In October 20X1, Weakbank's credit rating was downgraded several notches by Moody's and ABC was worried that Weakbank might not be able to meet its obligations under the call. An early exercise was considered, but ABC already owned 8% of its share capital, making the exercise of the call not feasible because it would cause ABC to exceed its 10% legal limit on treasury shares. ABC considered other alternatives, including:

1. To exercise Weakbank's call receiving the underlying shares in exchange for its strike amount, to immediately sell the purchased shares to a third bank and simultaneously to enter into a call option with this third bank with the same terms as the old call. This was the simplest solution. However, it would cause ABC to exceed the 10% legal limit on treasury shares, although temporarily. In most jurisdictions there is a period in which a company can exceed the maximum legal limit on treasury shares. In this case, ABC could not legally implement this solution. Besides, the size of the option was too large relative to ABC's stock daily average volume, making its risk management too risky.
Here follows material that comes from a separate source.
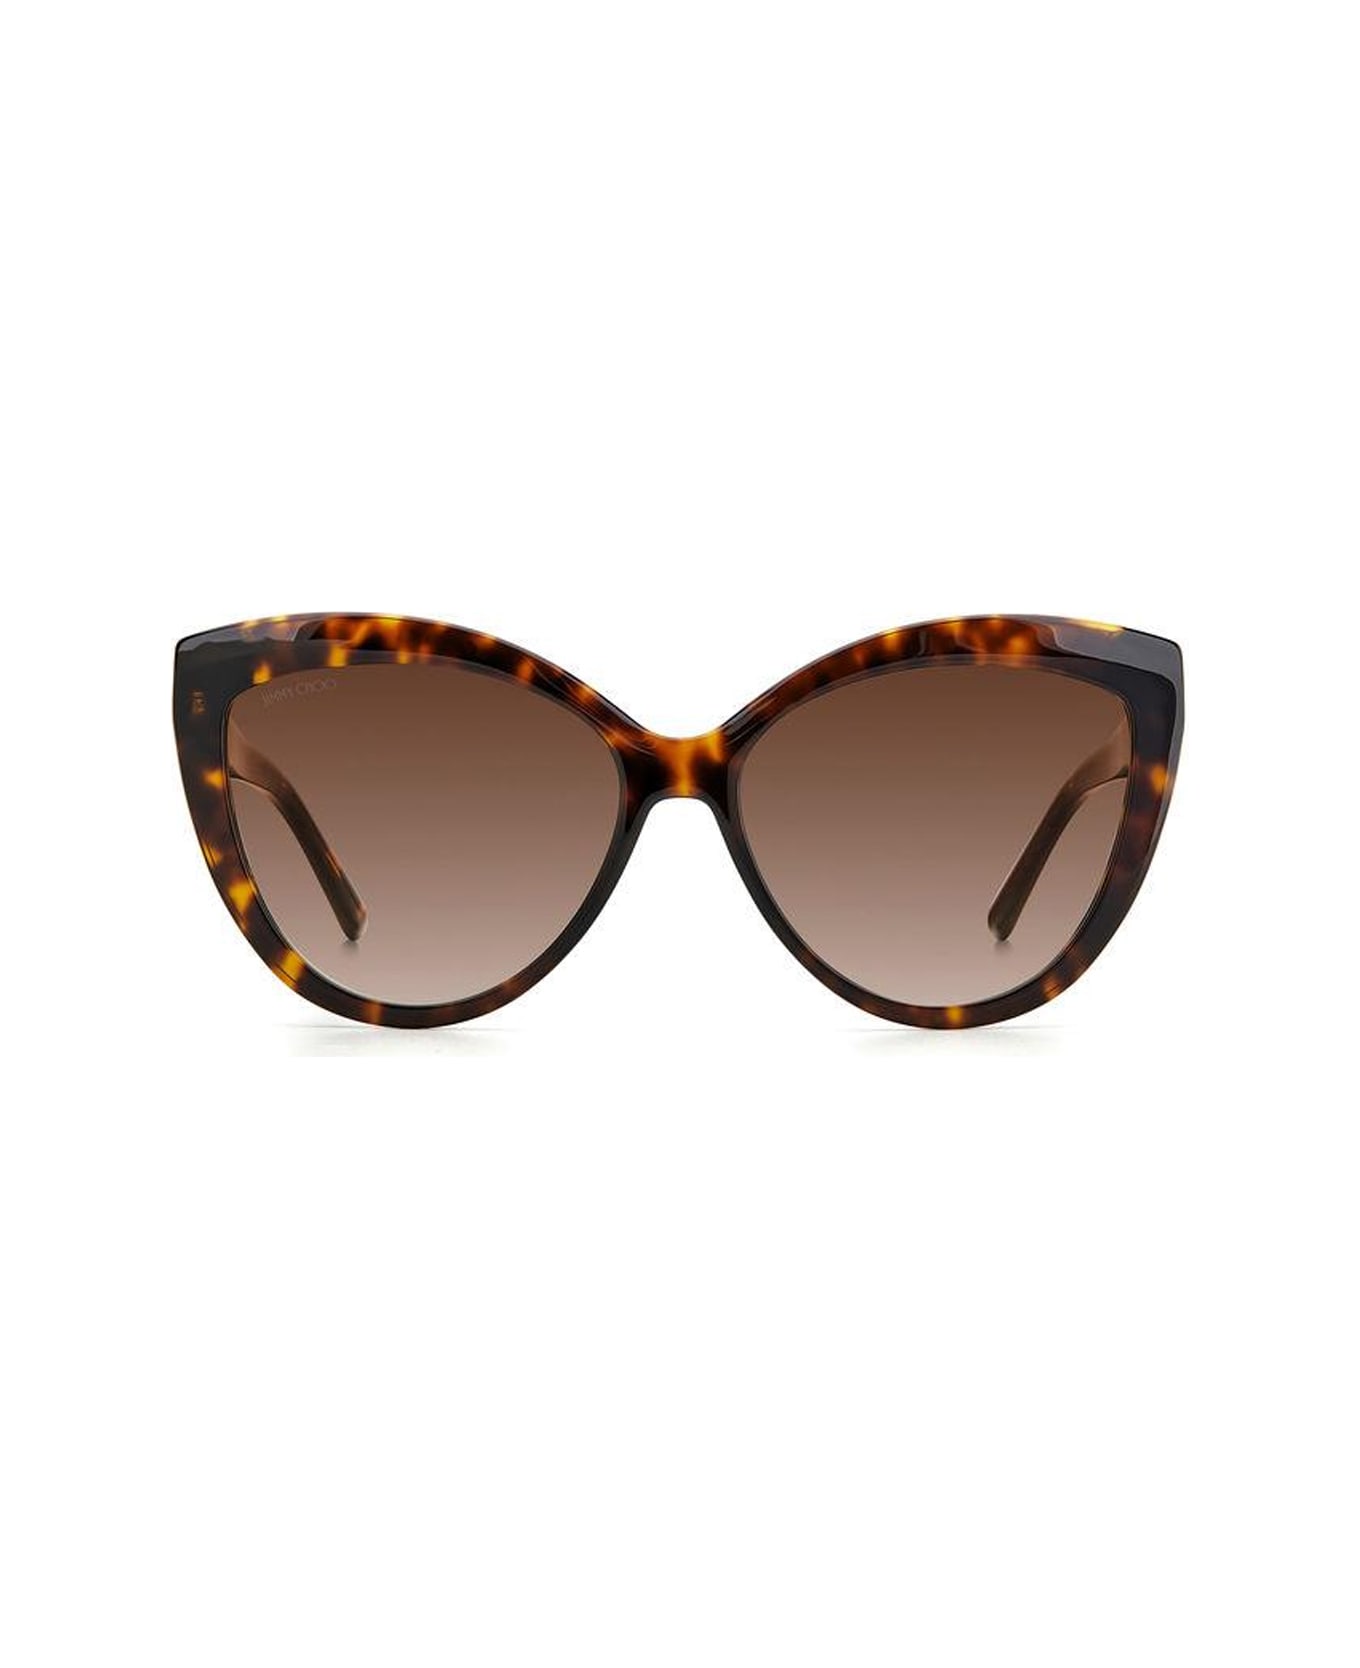 Jimmy Choo Eyewear Sinnie/g/s Sunglasses - Marrone

2. To wait until 15 April 20X3, the call expiration date, to exercise the call. This alternative was not pursued because ABC was afraid that Weakbank could go bust.

3. To sell back the call option to Weakbank (i.e., to unwind the transaction). However, the quote received from Weakbank was unattractive as it wanted to avoid making any large cash payments.

4. To sell the call to a third party. ABC contacted Gigabank to explore this alternative. However, this alternative faced three major constraints that made it unfeasible:

  • The size of the option was too large relative to ABC's stock daily average volume, making its risk management too risky.
  • The third party buyer would be exposed to Weakbank's credit risk unless the underlying ABC shares held by Weakbank could be pledged in favour of Gigabank.

5. To execute the strategy described next.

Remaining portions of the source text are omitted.